La nuit se passe bien, afin de ne pas rater notre station, nous nous réveillons vers 4h15, et un quart d’heure plus tard, le train s’arrête.
Nous voilà arrivés à Haridwar.
Ah non, c’est Kampur. Haridwar devrait être le prochain arrêt. Voire le suivant. Claire en profite pour essayer de glaner quelques minutes de sommeil pendant que je monte la garde.
En fait ce sera le 7ème arrêt, trois heures plus tard.
Et frais et reposés, nous descendons sur le quai, où nous attend Rajesh.
Toujours emballée. Nos aventures vont pouvoir recommencer.
A un détail près.
En la déballant nous nous apercevons avec stupeur et putréfaction que la poignée d’embrayage de la moto est amputée à la base. Pour rouler c’est du nanan.
Direction le bureau des colis pour leur signifier notre mécontentement et faire en sorte que cela soit réparé, à leurs frais bien entendu.

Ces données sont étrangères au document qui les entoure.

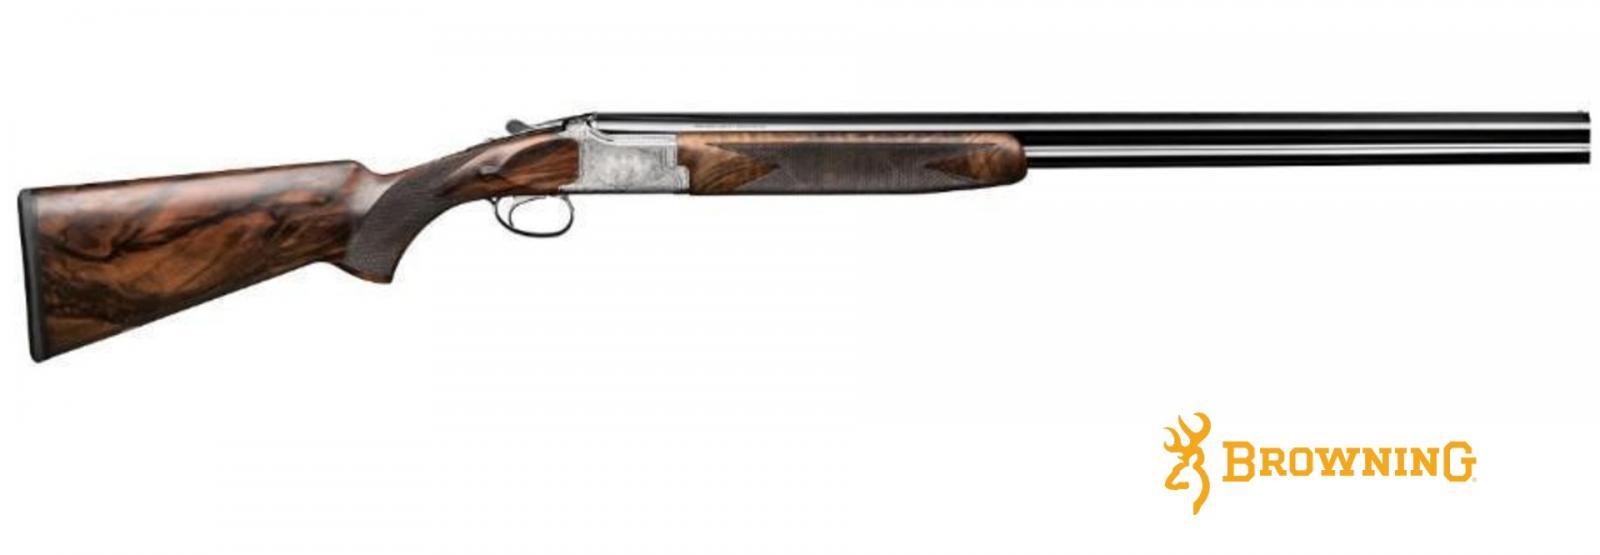 Fusil BROWING B525 CROWN LUXE Édition Limitée Cal 20/76

Il est 8 heures du matin, un jeune employé nonchalant nous explique qu’ils vont voir ce qu’ils peuvent faire pour nous, mais pas avant 10h, les garagistes n’aiment pas se lever tôt. Et on ne peut pas vraiment leur en vouloir.
Alors nous allons passer le temps en buvant des Chai, et en observant la population de cette petite ville qu’est Haridwar.
Haridwar est l’une des 9 villes saintes d’Inde, Vishnou y étant passé, à preuve son empreinte de pied dans le Ghât principal de la ville. Ghât où tous les soirs, à la tombée de la nuit, le Gange est célébré lors de la cérémonie du feu.
Mais nous y reviendrons, car il s’est passé deux heures et nous retournons à nos considérations plus terre à terre, récupérons notre mob.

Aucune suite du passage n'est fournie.